A few examples of policies that foster open communication include:

• Requiring employees to report any good-faith belief that they witness fraudulent conduct;
• Focusing on creating a user-friendly process for filing a report;
• Proving some type of disincentive for failing to report known fraudulent activity;
• Allowing anonymous reporting (to the extent possible); and
• Making it clear that there will be no adverse action taking against employees who file a report.

While smaller practices can get away with written guidelines, given the size of most hospitals, it makes sense to set up a hotline that staff can call to anonymously report alleged violations.

7. Creating and Disseminating Clear Disciplinary Standards

The final step is to ensure that all hospital staff is informed of the repercussions stemming from any non-compliant conduct. This adds credibility to a compliance program, and helps show that a hospital is committed to remaining compliant.

The disciplinary procedures outlined in the program should be strict, while remaining flexible. In other words, the program must have teeth, but should not be so rigid as to punish without considering the surrounding mitigating (or aggravating) circumstances. It is especially important that those charged with enforcing violations of the program do so in a consistent and even-handed manner. Possible disciplinary actions following a violation may include:

• An oral warning;
• Write-ups;
• Probation;
• Demotion;
• Temporary suspension;
• Termination;
• Restitution; and
• Referral for criminal prosecution.

It is also crucial to make the possible disciplinary violations known among all staff. While there are several ways to accomplish this, the easiest is to include them in a hospital training manual.

8. Continuing to Revise and Update the Program

Of course, developing a compliance program is not a one-time task, as laws and regulations change over time. So, providers may need to occasionally revisit each of these steps to ensure a compliance program remains effective. Thus, it is important for hospitals to regularly undergo voluntary audits, to check progress and identify any up-and-coming problem areas. If unexpected concerns arise, this is an opportunity to make any revisions to the compliance program.

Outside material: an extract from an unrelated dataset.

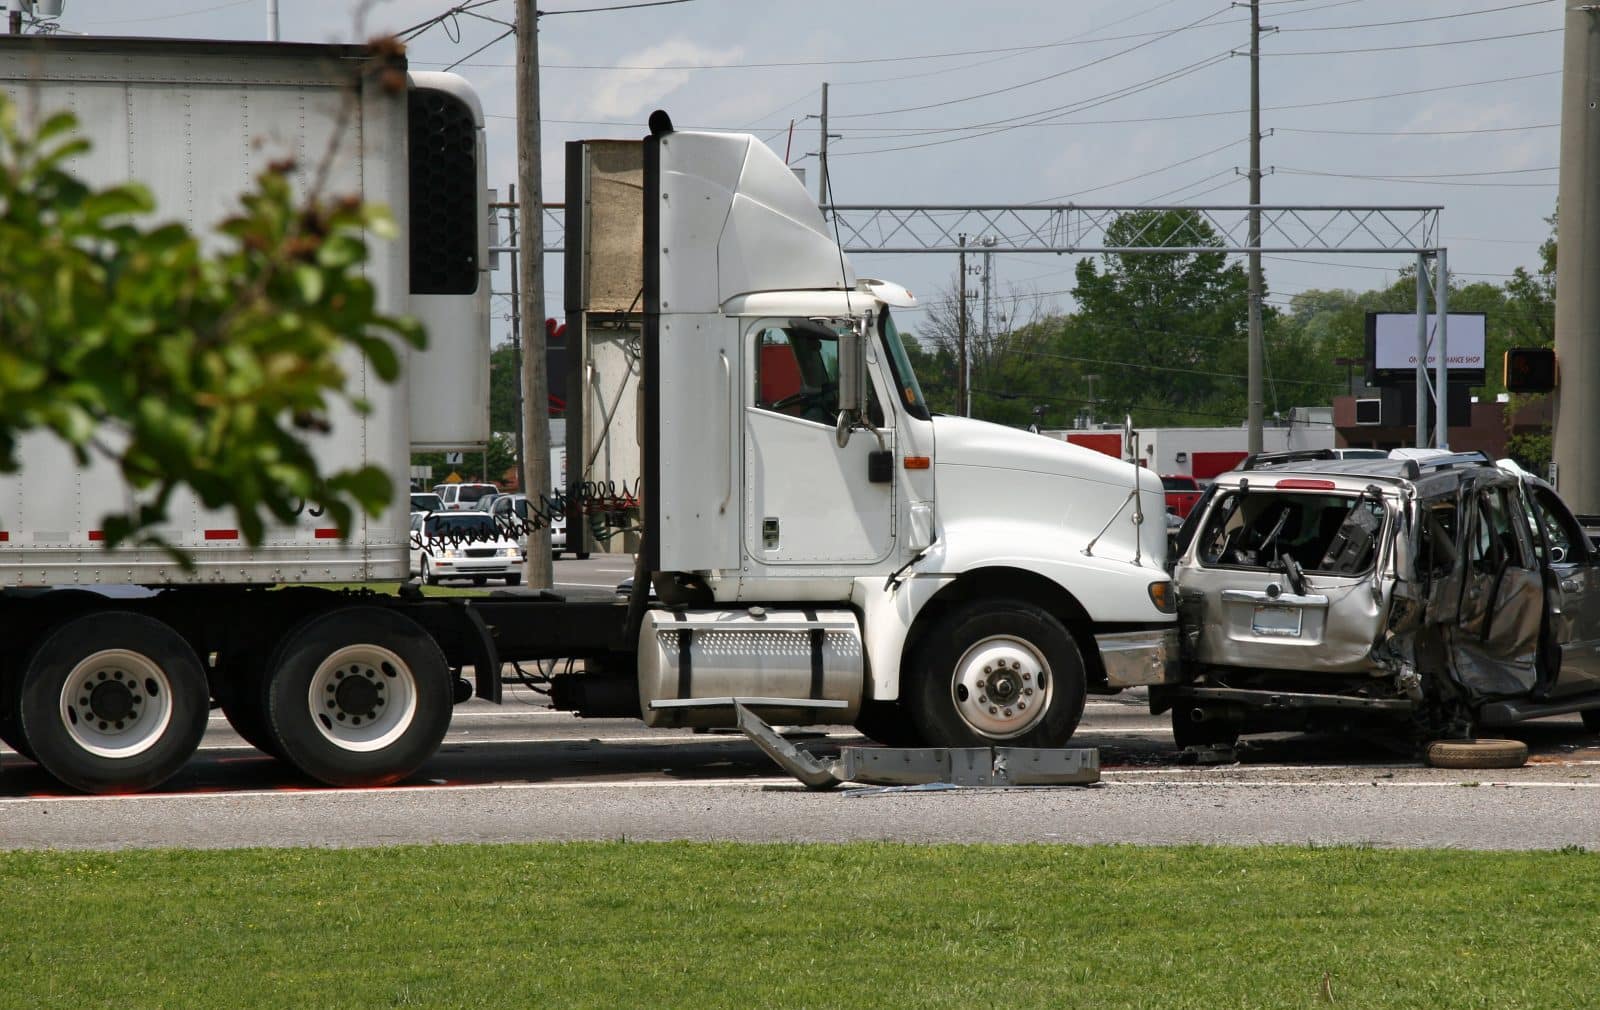 A truck accident at an intersection.
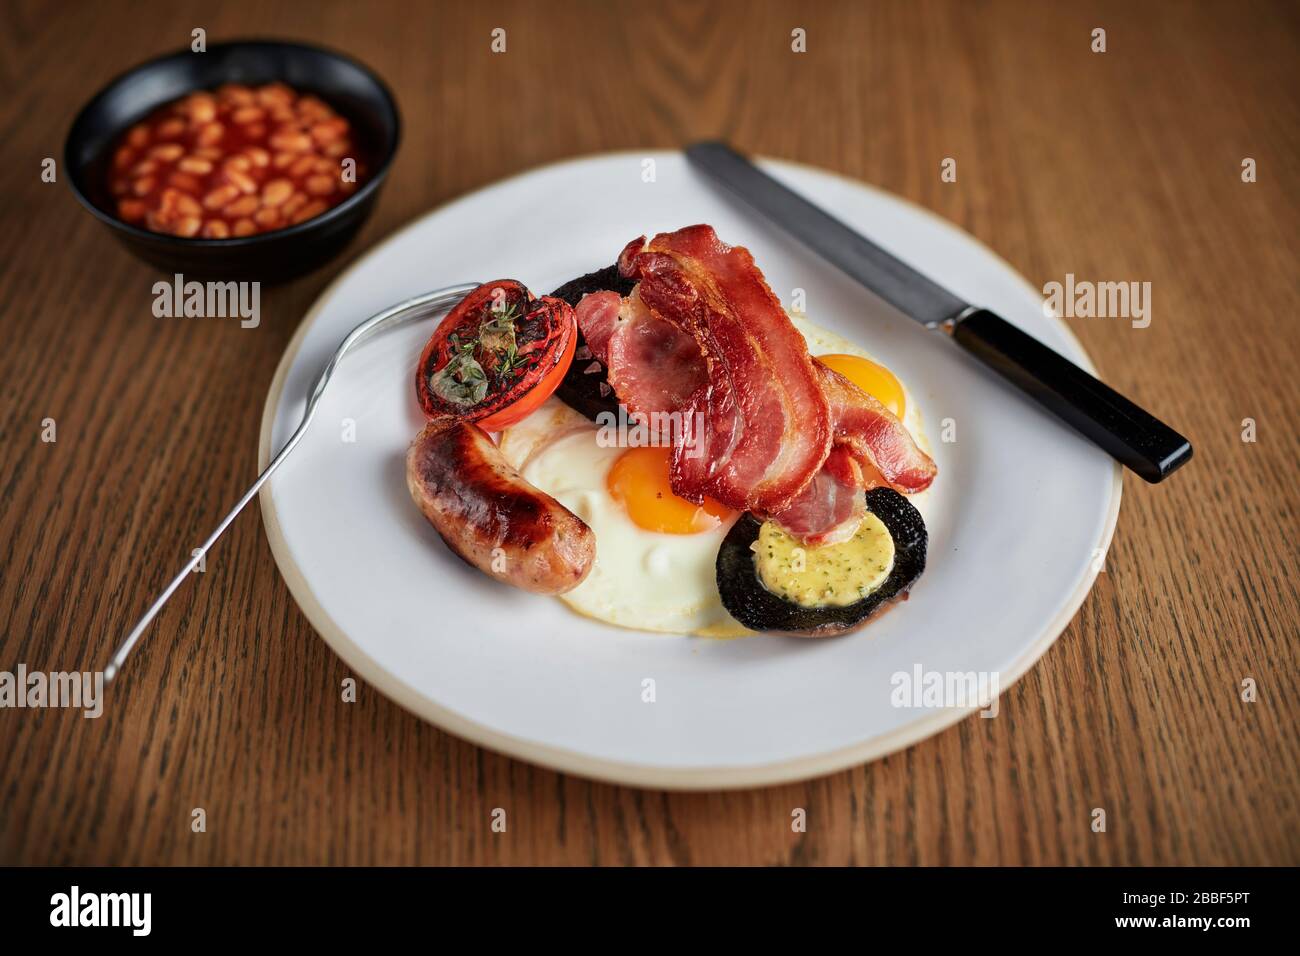 Breakfast fry up Full English sausage egg bacon mushroom beans cafe greasy spoon grill Stock Photo

Devising an OIG compliance program for a hospital is a serious endeavor and may be outside the specialty of hospital management. Given the unique compliance obligations of hospitals, it is wise for management to consult with a federal OIG compliance attorney for assistance. Lawyers that handle OIG compliance are often highly focused on this unique area of the law and have successfully created compliance programs for other hospitals and healthcare providers.